Anyone have a picture of a prewar Zep "style" bike with a Zenith badge. I bought a frame but would like to see the original color scheme, fenders, seat etc.


----------



## 37fleetwood (Jan 9, 2010)

"Zep" was a Montgomery Wards model, therefore a Zenith cannot be a Zep.


----------



## WEAKFISH (Jan 9, 2010)

Sorry...  Snyder built..


----------



## RMS37 (Jan 9, 2010)

Thanks Scott for carrying the torch. I tried for some time to coax people out of using ?Zep? to describe all the similar frames Snyder produced under various badges. Unfortunately there does not seem to be a single factory name for this ubiquitous frame. I tried the ?Snyder Fastback Sport Frame? but that has yet to catch on. (LOL)

Montgomery Ward used the Zep name for their top of the line bike for years and on many very different models.
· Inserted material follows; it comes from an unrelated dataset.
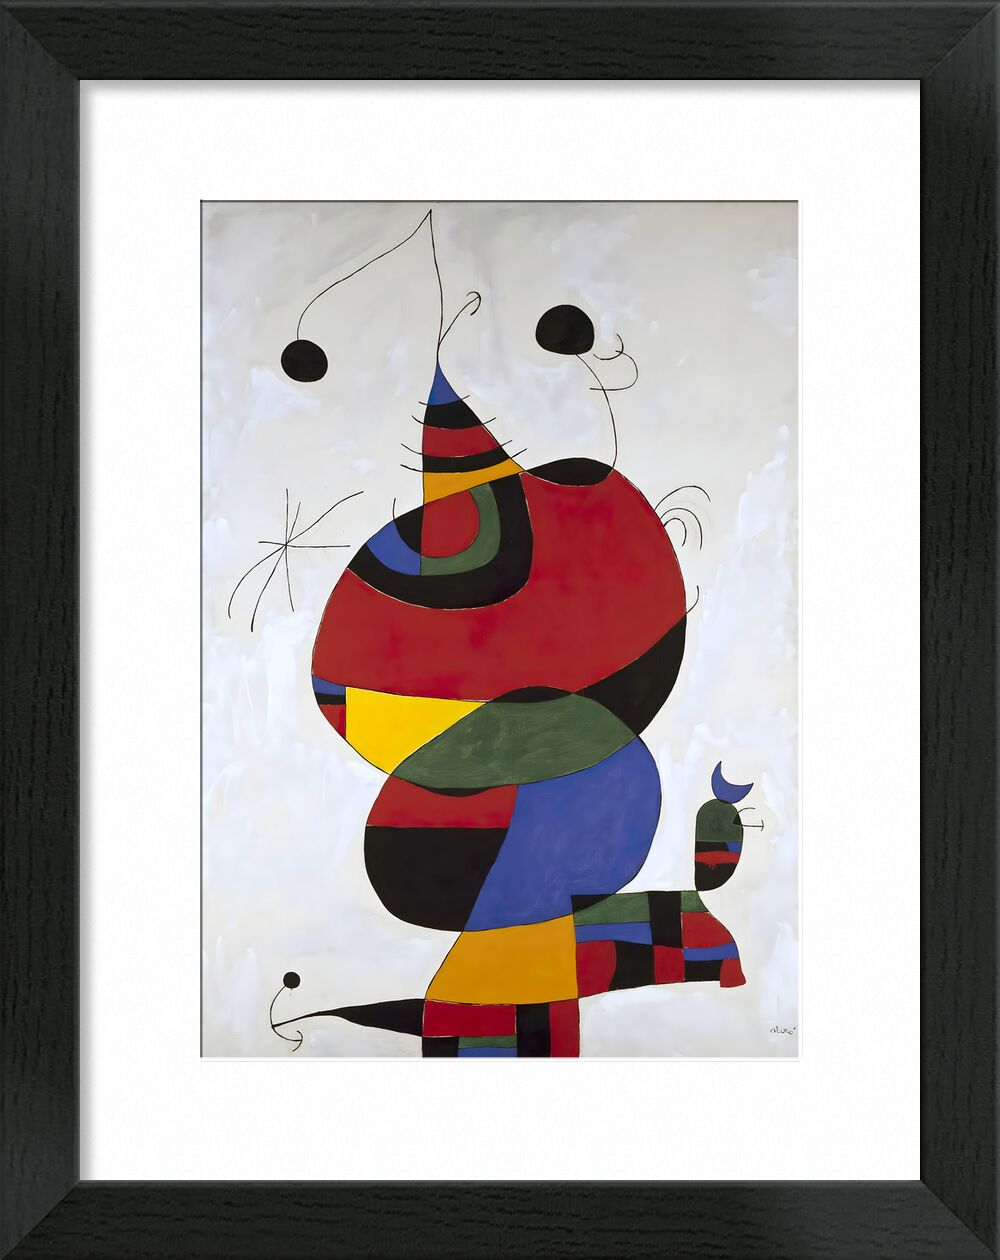 Hommage a Picasso von Bildende Kunst, Prodi Art, Picasso, Porträt, Bleistiftzeichnung, Joan Miró, Tribut

The 1937 version which uses the ?Snyder Fastback Sport Frame? is unique in the Zep version for the inclusion of a built in head or fork crown lock which separates it from the lesser Hawthorne Comet and Sport models also built on a version of the ?SFSF? frame. 

Anyway, I?ve generally moved on to beating other dead dogs.  In the hobby, if you want to verbally conjure an accurate image of an SFSF frame in someone?s mind there is no better way than to call it a ?Zep? style frame.

The frame in question was the backbone of Snyder production between late 1935 and 1938 and remained in production perhaps into 1940. There are lots of small variations in the frames due to production modifications over the production span.

Snyder serial numbers are confusing and not entirely helpful for dating a frame but your Zenith has the locking collet seat binder which was adopted in 1936 and dropped for 1937. The earliest 1936 style frames have closely spaced top tubes and will not accept the tank. Your frame looks like it has the larger aperture so it is probably from mid to late 1936.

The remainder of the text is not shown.